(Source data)
--- START ---
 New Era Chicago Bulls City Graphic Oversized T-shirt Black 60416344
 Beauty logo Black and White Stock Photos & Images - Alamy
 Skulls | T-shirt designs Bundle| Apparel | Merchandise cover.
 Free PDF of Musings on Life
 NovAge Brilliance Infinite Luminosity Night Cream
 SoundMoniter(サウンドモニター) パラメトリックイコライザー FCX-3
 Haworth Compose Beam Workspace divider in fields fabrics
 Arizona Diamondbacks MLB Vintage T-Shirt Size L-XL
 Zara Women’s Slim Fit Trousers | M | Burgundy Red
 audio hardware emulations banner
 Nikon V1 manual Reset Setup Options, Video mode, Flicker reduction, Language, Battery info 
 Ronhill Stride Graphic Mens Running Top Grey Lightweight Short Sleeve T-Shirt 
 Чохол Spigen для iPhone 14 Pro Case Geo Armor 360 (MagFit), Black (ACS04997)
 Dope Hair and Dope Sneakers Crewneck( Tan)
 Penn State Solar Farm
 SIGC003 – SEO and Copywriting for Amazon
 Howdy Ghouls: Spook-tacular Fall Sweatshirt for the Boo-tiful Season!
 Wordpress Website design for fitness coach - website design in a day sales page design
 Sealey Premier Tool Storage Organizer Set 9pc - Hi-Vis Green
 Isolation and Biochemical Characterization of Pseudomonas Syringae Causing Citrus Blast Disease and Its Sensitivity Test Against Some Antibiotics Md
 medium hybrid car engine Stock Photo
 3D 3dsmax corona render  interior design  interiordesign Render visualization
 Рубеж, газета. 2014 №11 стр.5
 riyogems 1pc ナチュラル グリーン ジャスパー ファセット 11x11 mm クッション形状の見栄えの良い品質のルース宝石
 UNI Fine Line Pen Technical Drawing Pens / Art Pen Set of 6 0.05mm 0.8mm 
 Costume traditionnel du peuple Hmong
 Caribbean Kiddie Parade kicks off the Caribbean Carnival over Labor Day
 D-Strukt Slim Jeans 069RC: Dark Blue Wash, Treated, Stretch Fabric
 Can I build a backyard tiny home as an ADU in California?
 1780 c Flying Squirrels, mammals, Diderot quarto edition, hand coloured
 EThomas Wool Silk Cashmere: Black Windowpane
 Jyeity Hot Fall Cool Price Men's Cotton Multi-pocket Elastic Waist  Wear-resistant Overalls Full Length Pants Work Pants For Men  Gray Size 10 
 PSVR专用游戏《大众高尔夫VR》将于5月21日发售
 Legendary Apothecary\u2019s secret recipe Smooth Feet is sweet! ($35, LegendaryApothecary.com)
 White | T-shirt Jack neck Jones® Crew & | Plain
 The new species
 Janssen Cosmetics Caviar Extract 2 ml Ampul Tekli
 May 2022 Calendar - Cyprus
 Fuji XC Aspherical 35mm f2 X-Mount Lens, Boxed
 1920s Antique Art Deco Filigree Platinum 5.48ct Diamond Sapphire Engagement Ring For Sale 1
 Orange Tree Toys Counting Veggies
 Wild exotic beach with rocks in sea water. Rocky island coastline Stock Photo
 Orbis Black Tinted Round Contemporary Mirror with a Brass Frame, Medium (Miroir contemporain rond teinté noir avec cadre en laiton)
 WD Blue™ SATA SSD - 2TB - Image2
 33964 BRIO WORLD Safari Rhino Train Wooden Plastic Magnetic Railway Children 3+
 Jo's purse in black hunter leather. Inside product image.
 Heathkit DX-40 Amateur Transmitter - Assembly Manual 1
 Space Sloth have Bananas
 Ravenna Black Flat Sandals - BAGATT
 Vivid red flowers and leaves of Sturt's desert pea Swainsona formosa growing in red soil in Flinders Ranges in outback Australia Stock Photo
--- END ---
▸ WORK ORDER
Reproduce all data above, unchanged.

▸ PROBLEM SOLUTION
 New Era Chicago Bulls City Graphic Oversized T-shirt Black 60416344
 Beauty logo Black and White Stock Photos & Images - Alamy
 Skulls | T-shirt designs Bundle| Apparel | Merchandise cover.
 Free PDF of Musings on Life
 NovAge Brilliance Infinite Luminosity Night Cream
 SoundMoniter(サウンドモニター) パラメトリックイコライザー FCX-3
 Haworth Compose Beam Workspace divider in fields fabrics
 Arizona Diamondbacks MLB Vintage T-Shirt Size L-XL
 Zara Women’s Slim Fit Trousers | M | Burgundy Red
 audio hardware emulations banner
 Nikon V1 manual Reset Setup Options, Video mode, Flicker reduction, Language, Battery info 
 Ronhill Stride Graphic Mens Running Top Grey Lightweight Short Sleeve T-Shirt 
 Чохол Spigen для iPhone 14 Pro Case Geo Armor 360 (MagFit), Black (ACS04997)
 Dope Hair and Dope Sneakers Crewneck( Tan)
 Penn State Solar Farm
 SIGC003 – SEO and Copywriting for Amazon
 Howdy Ghouls: Spook-tacular Fall Sweatshirt for the Boo-tiful Season!
 Wordpress Website design for fitness coach - website design in a day sales page design
 Sealey Premier Tool Storage Organizer Set 9pc - Hi-Vis Green
 Isolation and Biochemical Characterization of Pseudomonas Syringae Causing Citrus Blast Disease and Its Sensitivity Test Against Some Antibiotics Md
 medium hybrid car engine Stock Photo
 3D 3dsmax corona render  interior design  interiordesign Render visualization
 Рубеж, газета. 2014 №11 стр.5
 riyogems 1pc ナチュラル グリーン ジャスパー ファセット 11x11 mm クッション形状の見栄えの良い品質のルース宝石
 UNI Fine Line Pen Technical Drawing Pens / Art Pen Set of 6 0.05mm 0.8mm 
 Costume traditionnel du peuple Hmong
 Caribbean Kiddie Parade kicks off the Caribbean Carnival over Labor Day
 D-Strukt Slim Jeans 069RC: Dark Blue Wash, Treated, Stretch Fabric
 Can I build a backyard tiny home as an ADU in California?
 1780 c Flying Squirrels, mammals, Diderot quarto edition, hand coloured
 EThomas Wool Silk Cashmere: Black Windowpane
 Jyeity Hot Fall Cool Price Men's Cotton Multi-pocket Elastic Waist  Wear-resistant Overalls Full Length Pants Work Pants For Men  Gray Size 10 
 PSVR专用游戏《大众高尔夫VR》将于5月21日发售
 Legendary Apothecary\u2019s secret recipe Smooth Feet is sweet! ($35, LegendaryApothecary.com)
 White | T-shirt Jack neck Jones® Crew & | Plain
 The new species
 Janssen Cosmetics Caviar Extract 2 ml Ampul Tekli
 May 2022 Calendar - Cyprus
 Fuji XC Aspherical 35mm f2 X-Mount Lens, Boxed
 1920s Antique Art Deco Filigree Platinum 5.48ct Diamond Sapphire Engagement Ring For Sale 1
 Orange Tree Toys Counting Veggies
 Wild exotic beach with rocks in sea water. Rocky island coastline Stock Photo
 Orbis Black Tinted Round Contemporary Mirror with a Brass Frame, Medium (Miroir contemporain rond teinté noir avec cadre en laiton)
 WD Blue™ SATA SSD - 2TB - Image2
 33964 BRIO WORLD Safari Rhino Train Wooden Plastic Magnetic Railway Children 3+
 Jo's purse in black hunter leather. Inside product image.
 Heathkit DX-40 Amateur Transmitter - Assembly Manual 1
 Space Sloth have Bananas
 Ravenna Black Flat Sandals - BAGATT
 Vivid red flowers and leaves of Sturt's desert pea Swainsona formosa growing in red soil in Flinders Ranges in outback Australia Stock Photo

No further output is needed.